RECORDED INFORMATION
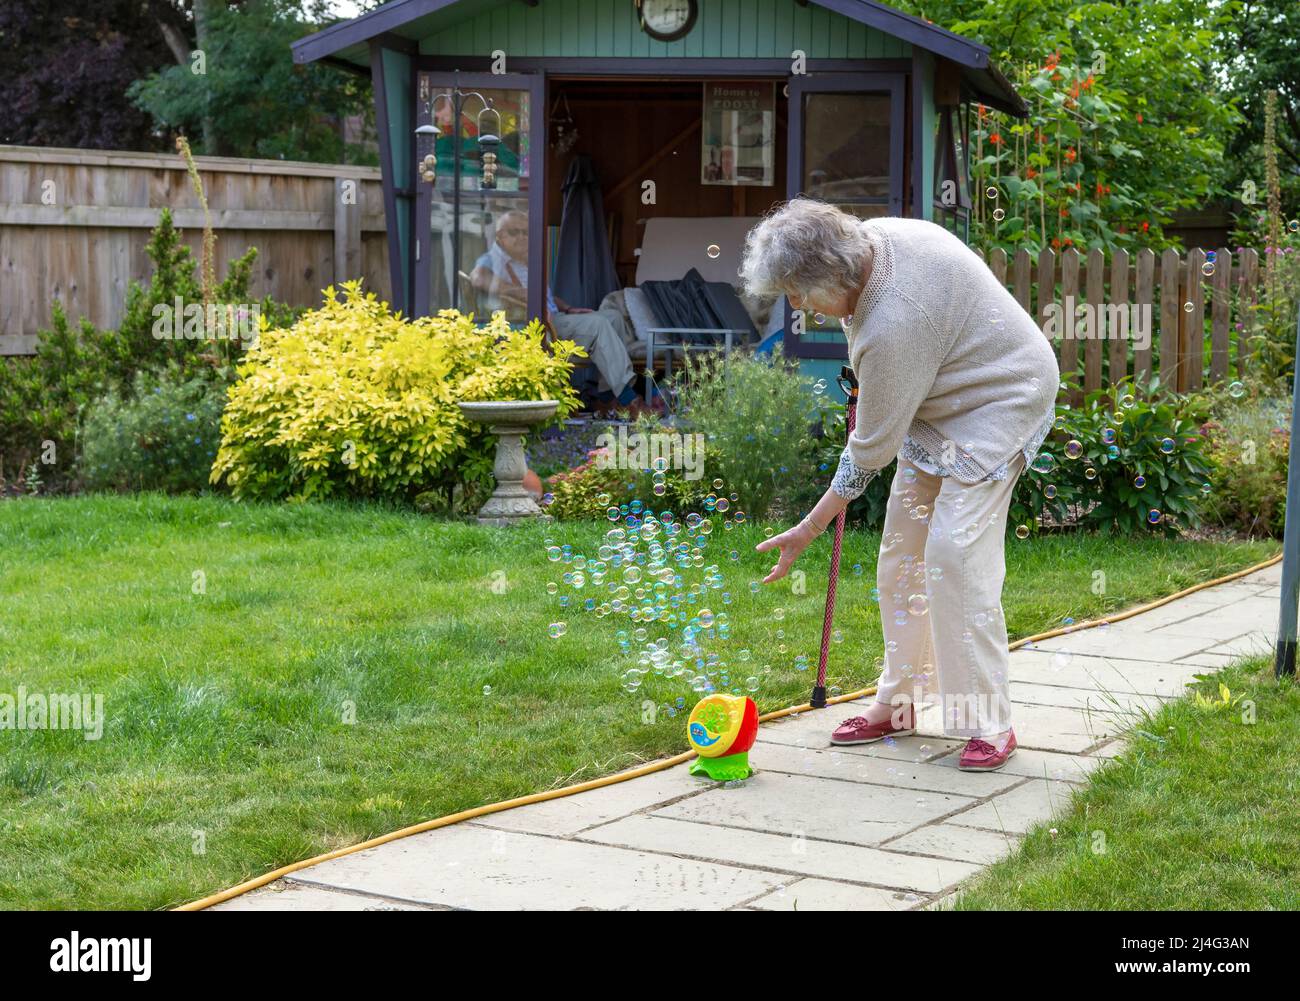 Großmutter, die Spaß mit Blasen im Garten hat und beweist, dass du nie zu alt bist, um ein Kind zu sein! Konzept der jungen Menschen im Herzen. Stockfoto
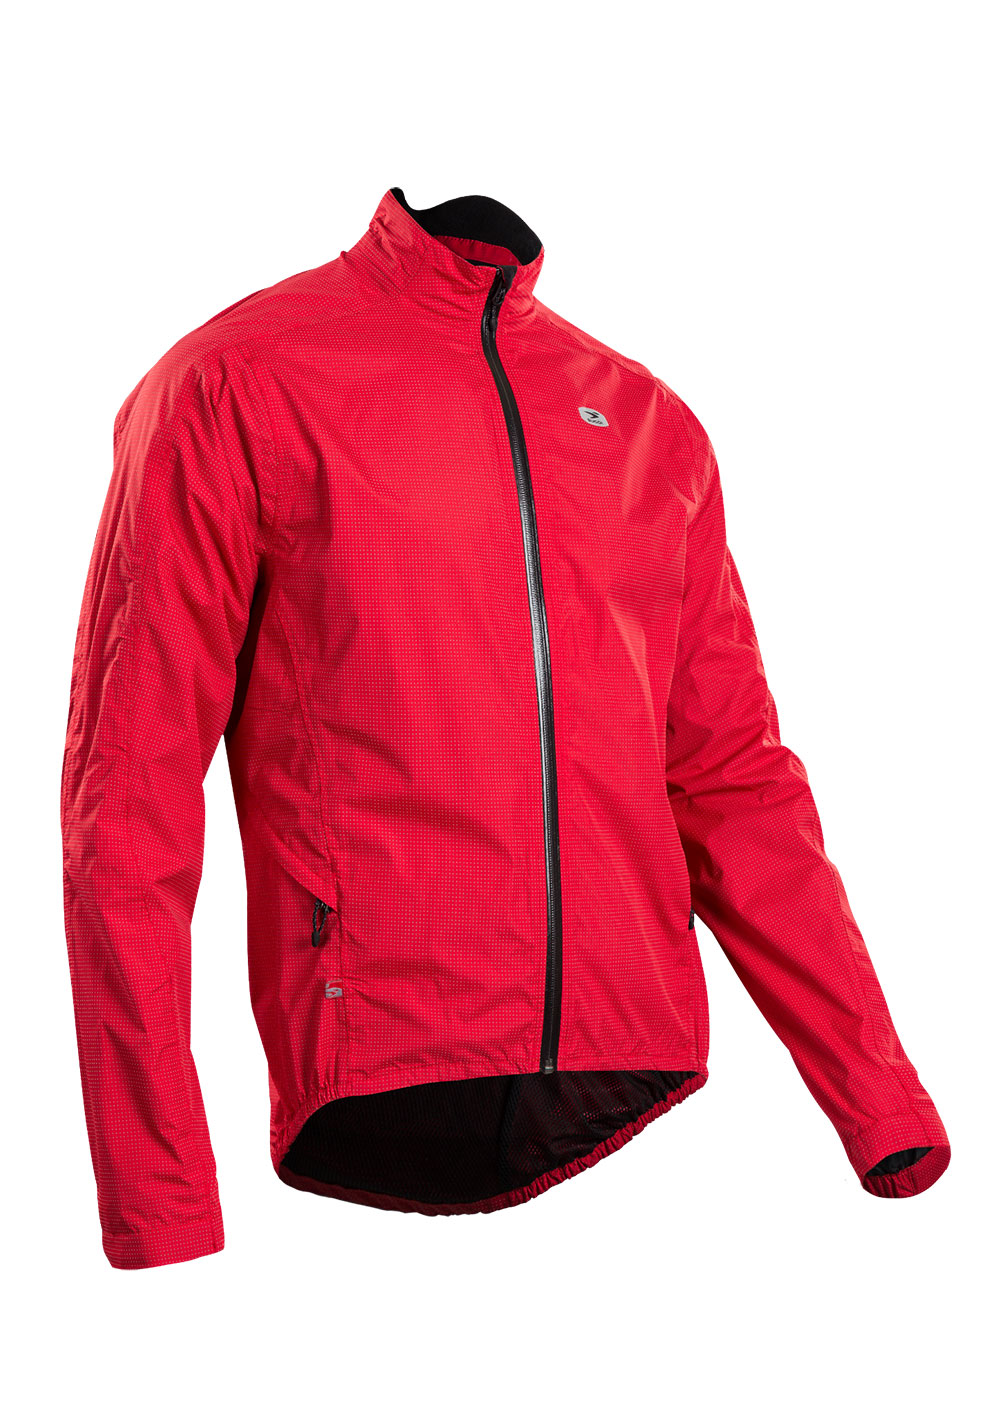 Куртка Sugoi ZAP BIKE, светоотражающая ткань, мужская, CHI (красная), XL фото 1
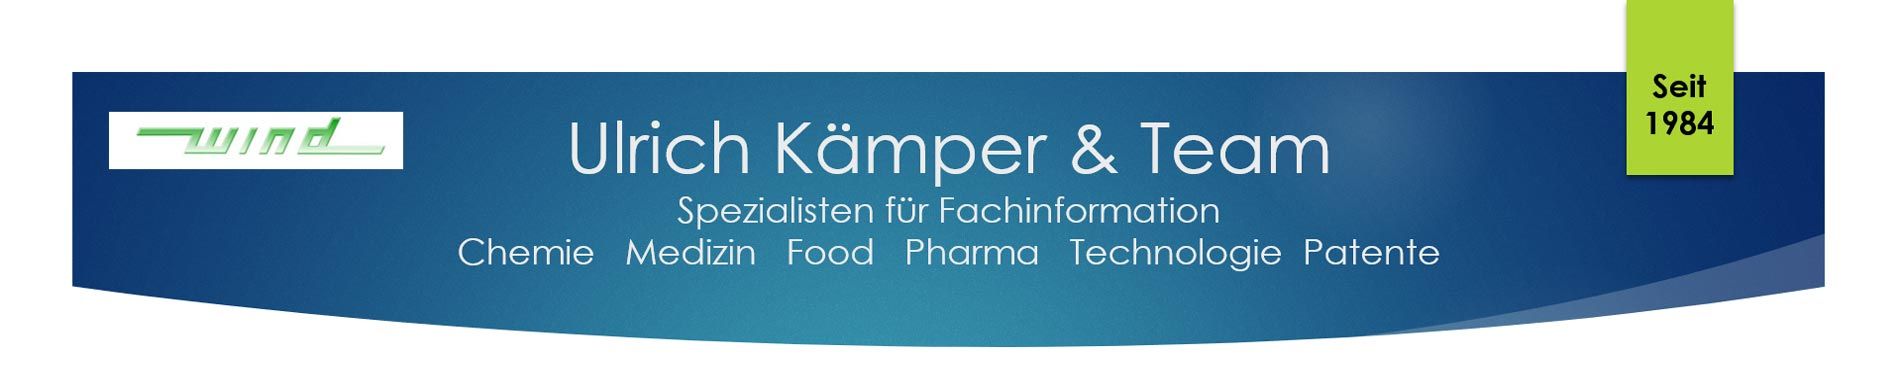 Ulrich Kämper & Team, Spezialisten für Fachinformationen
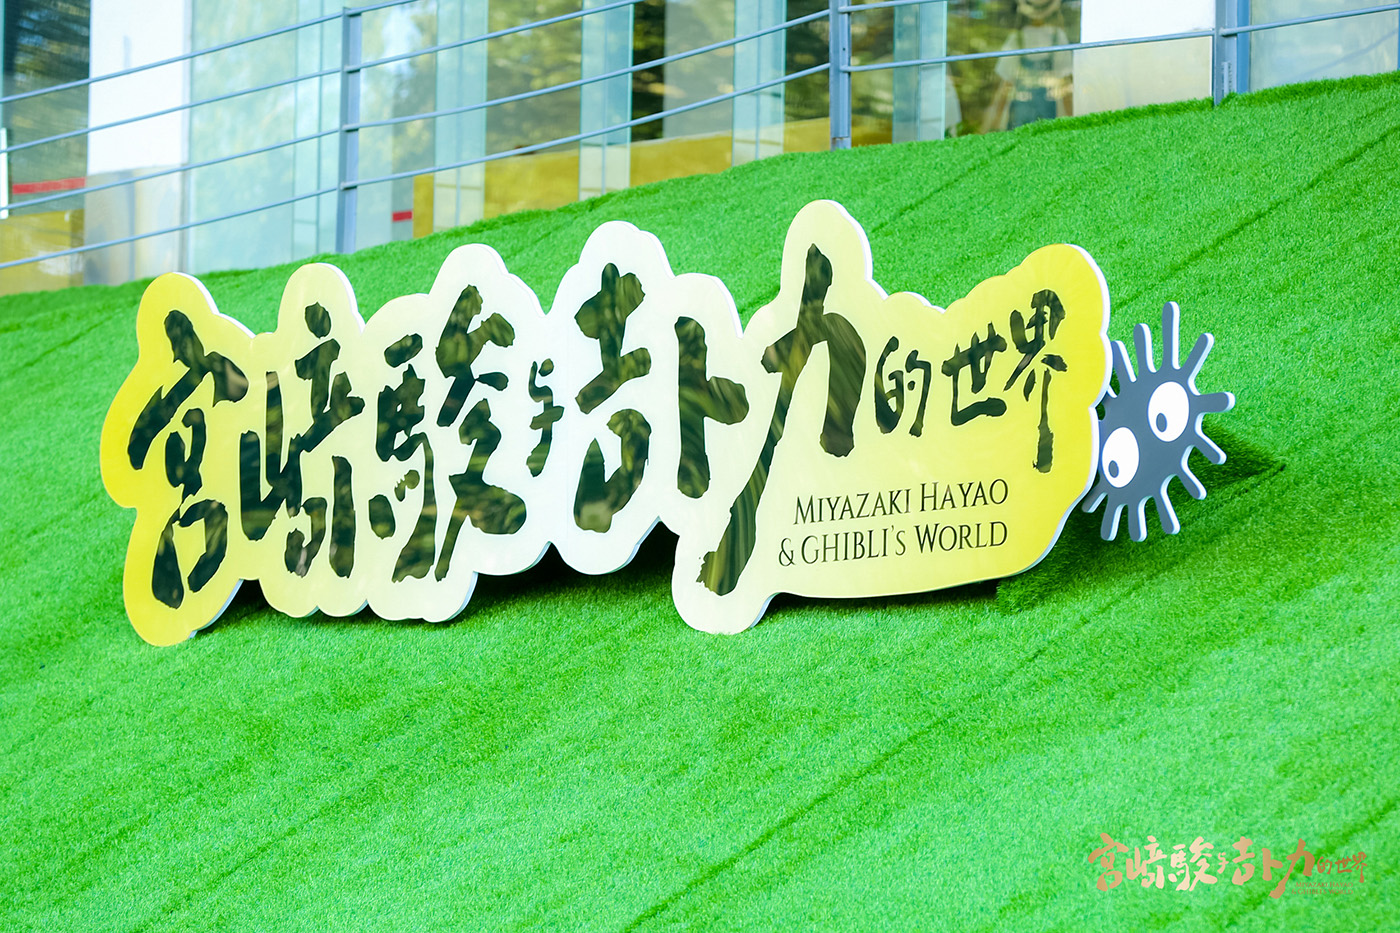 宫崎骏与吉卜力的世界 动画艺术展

THE PROBLEM
Transcribe the lines that run from the line bearing "Ulrich Kämper &" through the last line of the data. Keep the wording exact and leave out every picture.

EXPECTED ANSWER
 Ulrich Kämper & Team, Spezialisten für Fachinformationen
 宫崎骏与吉卜力的世界 动画艺术展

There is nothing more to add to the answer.